Es fácil dejarnos engañar por el envoltorio del cine de género y una aparente provocación para despreciar una película. Dejarnos engañar por nuestros prejuicios y juzgar el todo por el envoltorio es una muy mala cosa. Aun más si nos enfrentamos a la obra de Tommy Wirkola, Dead Snow.

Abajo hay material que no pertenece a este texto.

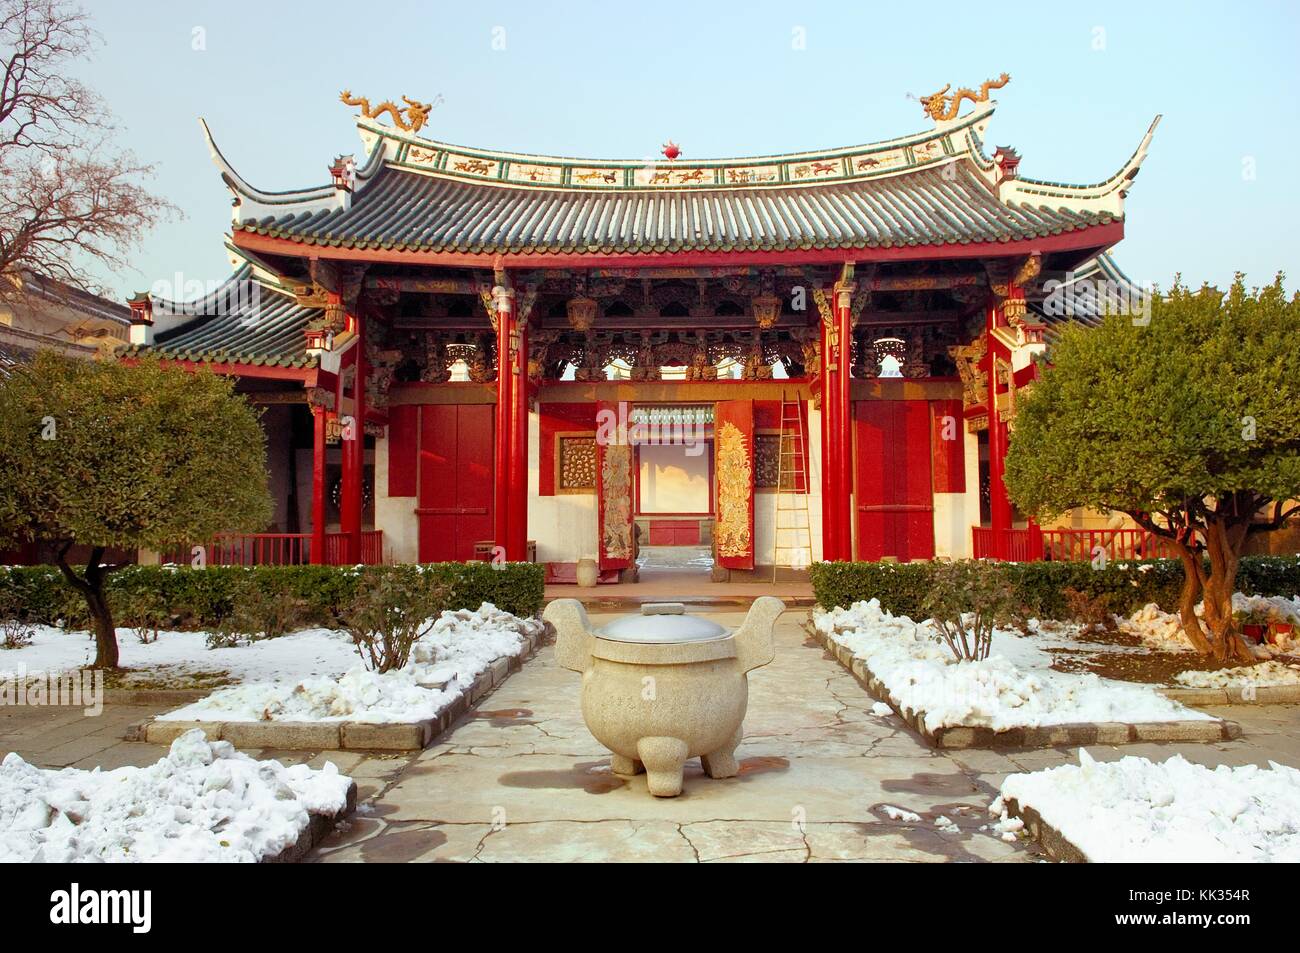 Tempel der himmlischen Königin, auch als fujian Guildhall bekannt. yantai, Provinz Shandong, China. Hof und Kloster gate Stockfoto
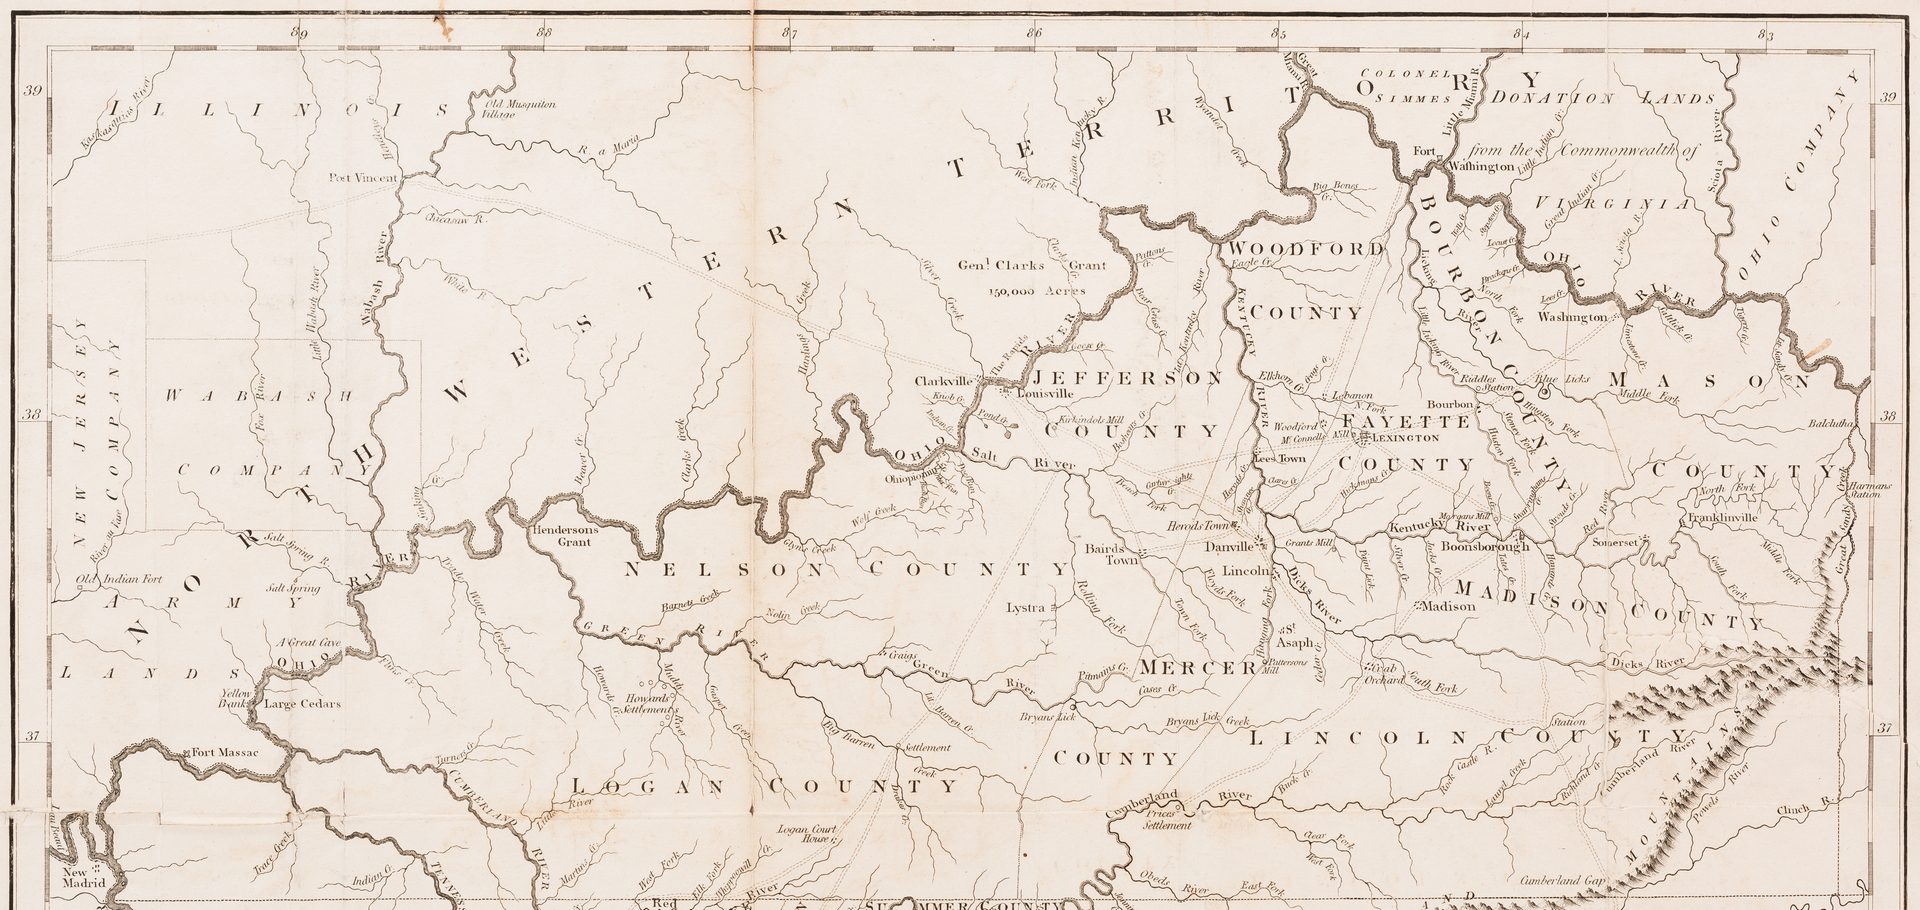 Lot 290: Kentucky Map, J. Russell, 1794

Un grupo de jóvenes van a una cabaña en medio de ninguna parte de un monte noruego y, como es natural, se desata una brutal masacre al despertar los nazis que asolaron la zona, ahora convertidos en zombies. La brutal orgía de sangre que uno espera comienza con los estereotipos que uno espera, sin sorpresas ni ningún giro especial que le haga algo más allá de lo típico. Y es que ya nos avisaba Absence, los noruegos son gente muy extraña. Los dementes supervivientes de la masacre inicial, entre sus intentos de huida, se dedican a exterminar vilmente uno por uno a los muertos vivientes. A pesar de que los zombies son capaces de correr y tienen una considerable fuerza van cayendo como moscas entre martillos, motosierras y metralletas en motos de nieve. Así, durante la parte más intensa de la película, no hay unos noruegos encerrados con unos zombies de los que no pueden escapar, hay unos zombies encerrados con unos noruegos sin escapatoria posible. Al menos hasta que el oficial nazi se pone firme, saca al ejercito y por fin, como el motivo de su muerte ya dejaba intuir, se retiran para descansar al recuperar su codiciado tesoro.
El que aquí los muertos sean nazis o no está lejos de ser una cuestión de provocación, es una decisión argumental perfectamente coherente con la historia que pretenden contar. Pero lo que los nazis nunca tuvieron en cuenta es lo que ya sabían los suecos, que los noruegos son muy raros. Y es que los noruegos están locos.